The current model presents the incremental cost-effectiveness ratio (ICER). The ICER was expressed as the ratio of the difference in total cost between the QIV-HD and QIV-SD groups to the difference in health outcomes measured in QALYs. ICERs were analyzed in the context of a willingness-to-pay (WTP) threshold, defined as one unit of South Korea’s Gross Domestic Product per capita, in accordance with the World Health Organization (WHO) recommendations. As such, 44,159,631 KRW/QALY (35,751 USD/QALY, 1 USD = 1,235.2 KRW) from studies by Yun et al., corresponding to the year 2016 and translated to USD using the average exchange rate from January 2022 to June 2022, was applied for WTP threshold.^22–24

Model inputs

All model inputs are summarized in Table 1.

Table 1. Input data for population, efficacy, and utilities.

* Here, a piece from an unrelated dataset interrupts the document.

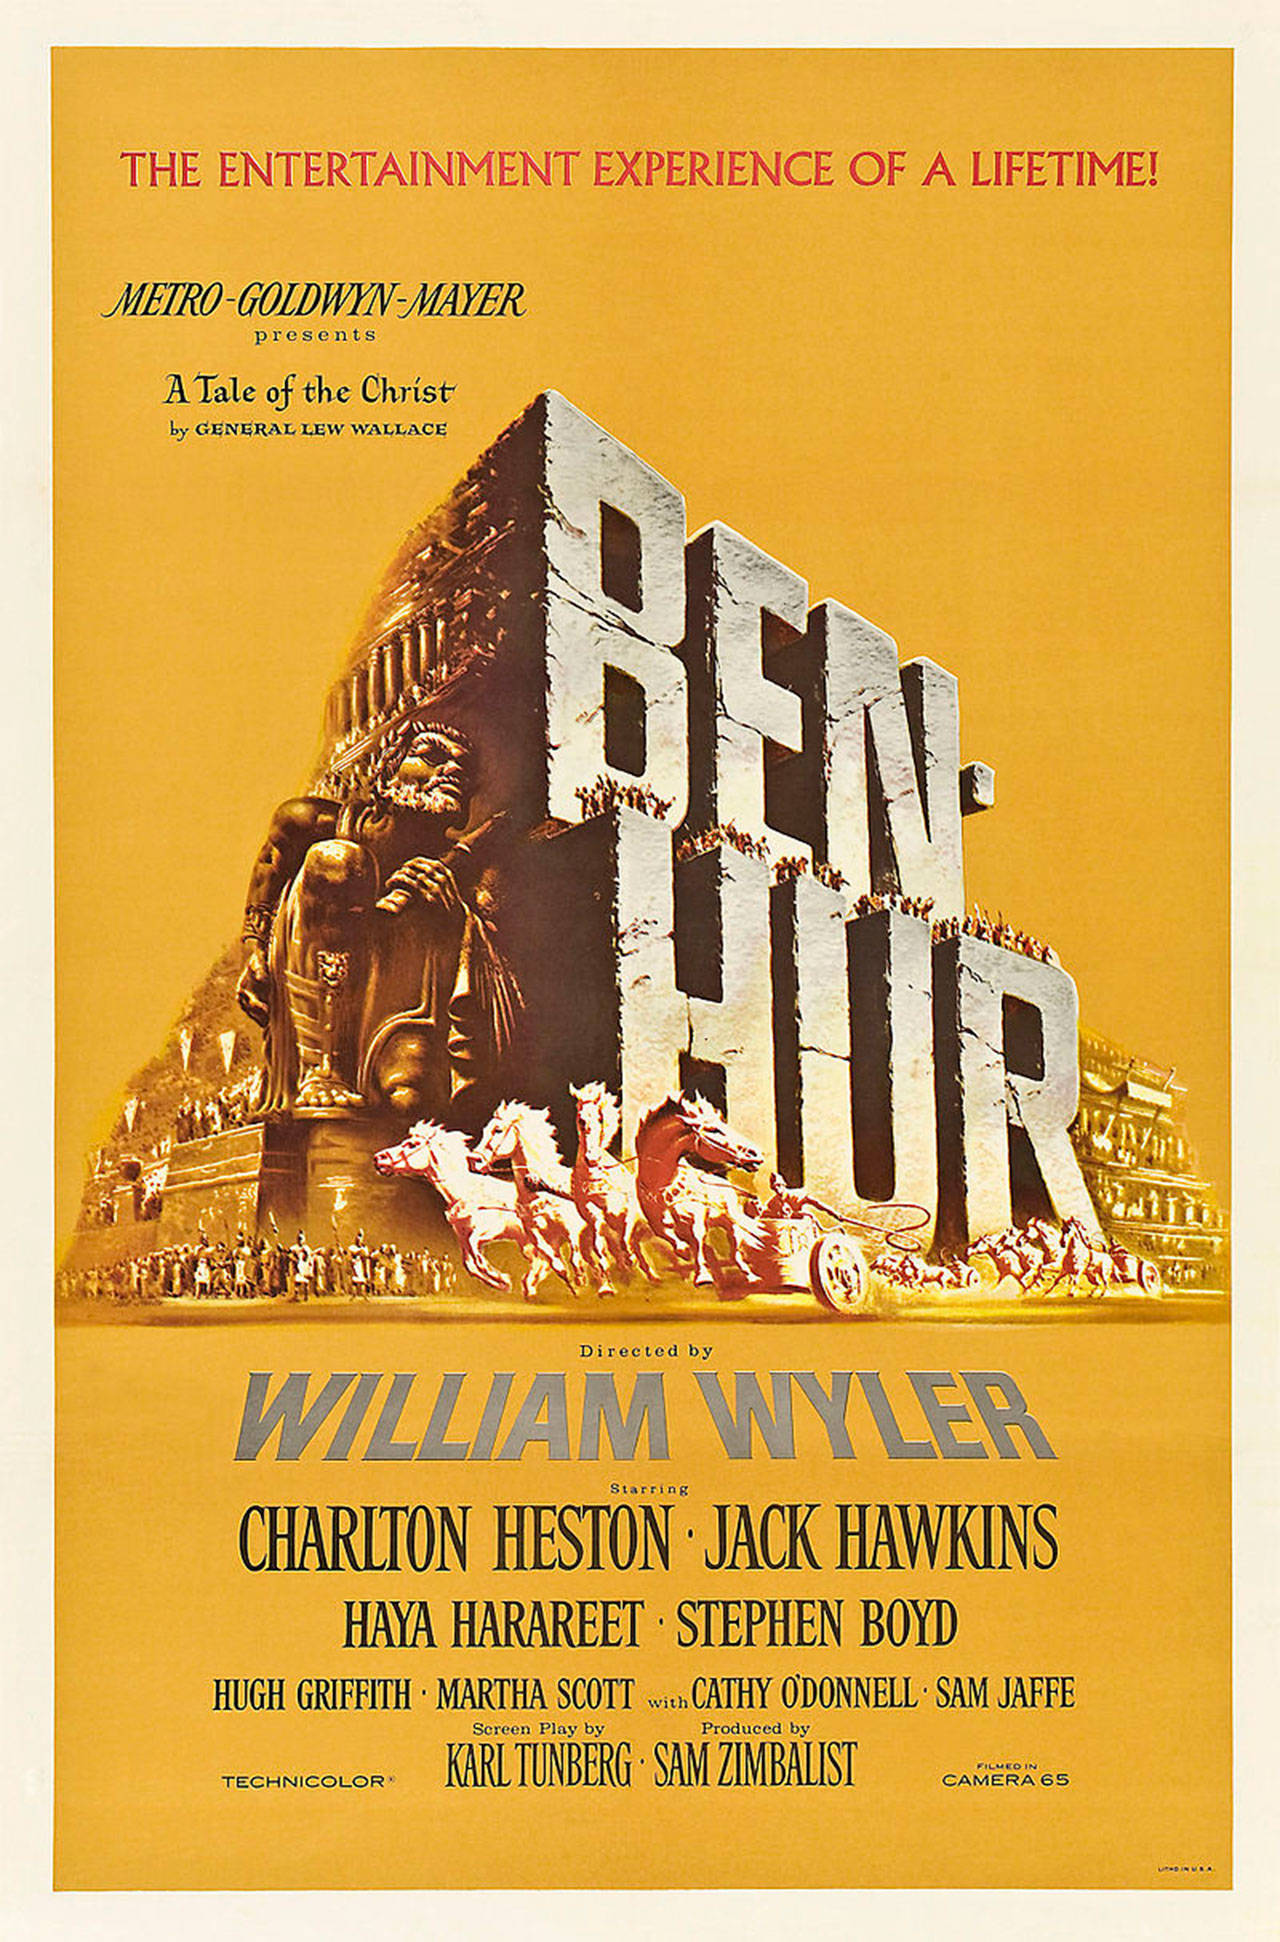 Image courtesy of Mero-Goldwyn-Mayer | “Ben-Hur,” the iconic 1959 epic religious drama directed by William Wyler will come roaring back onto the big screen at Bainbridge Cinemas at 6 p.m. Wednesday, April 17 for a special one-night-only 60th anniversary screening.

Input	2017/2018 season	2016/2017 season	Average	DSA range	PSA distribution	Source
Population characteristics
Total population
65–74 years	4,140,153	4,018,574	4,079,364			25
≥75 years	3,215,953	2,977,078	3,096,516
Vaccine coverage rate					Beta
65–74 years	80.90%	80.80%	80.80%			26
≥75 years	86.10%	85.50%	85.80%
Proportion of high-risk persons
65–74 years	43.50%	44.00%	43.72%			NHIS analysis
≥75 years	56.10%	57.80%	57.00%
Probability of an ED visit due to influenza
65–74 years
low-risk group	2.18%	0.75%	1.46%
high-risk group	2.68%	1.02%	1.85%
≥75 years
low-risk group	1.83%	0.66%	1.25%
high-risk group	2.39%	0.87%	1.63%
Probability of a GP visit due to influenza
65–74 years
low-risk group	38.2%	14.9%	26.5%
high-risk group	41.5%	17.2%	29.3%
≥75 years
low-risk group	31.8%	12.8%	22.3%
high-risk group	38.9%	14.6%	26.7%
Influenza attack rate for the unvaccinated	7.20%			5.0–10.0%		27
Vaccine efficacy
Vaccine efficacy by subtype				39.0–65.0%
against influenza A	58.0%					28
against influenza B	57.0%
Influenza cases by subtype				2.0–95.6%
Influenza A	45.2%	73.4%	76.9%			16
Influenza B	54.8%	26.6%	23.1%
Relative efficacy of QIV-HD versus QIV-SD	24.2%			9.7–36.5%	LogNormal	21
Relative efficacy of QIV-HD versus QIV-SD for cardio-respiratory hospitalization	18.2%					29
Quality of life
Mean population utilities					Beta	30
Female	0.87
Male	0.92
Utility loss due to influenza	0.35				Beta	31
Utility loss due to hospitalization					Beta
without complication*	0.40
with complication**	0.50				Beta
Average duration of an influenza season (years)	0.50			0.3–1.0	Gamma
Costs
GP visits	$36.36	$35.94	$36.14	±25%	Gamma	NHIS analysis + Copayment rate + CPI
ED visits	$97.46	$99.64	$98.55	±25%	Gamma	NHIS analysis + Copayment rate + CPI
Vaccine costs					Gamma
QIV-HD	$52.62			$39.47–65.78		Assumption
QIV-SD	$8.77			$6.58–10.96		2021 costs
Vaccine administration costs	$15.56			$11.67–19.45	Gamma	2021 costs
Prescription influenza medicines	$19.23			$14.42–24.03	Gamma	2021 costs + pharmacy fee
Willingness-to-pay threshold (per QALY gained)	$24,692.36					32
Discount rate	4.5%			0.0–5.0%		33

Abbreviations: DSA, deterministic sensitivity analysis; PSA, probabilistic sensitivity analysis; ED, emergency department; GP, general practitioner; NHIS, National Health Insurance System; QIV-HD, high-dose quadrivalent influenza vaccine; QIV-SD, standard-dose quadrivalent influenza vaccine; CPI, consumer price index; QALY, quality-adjusted life year.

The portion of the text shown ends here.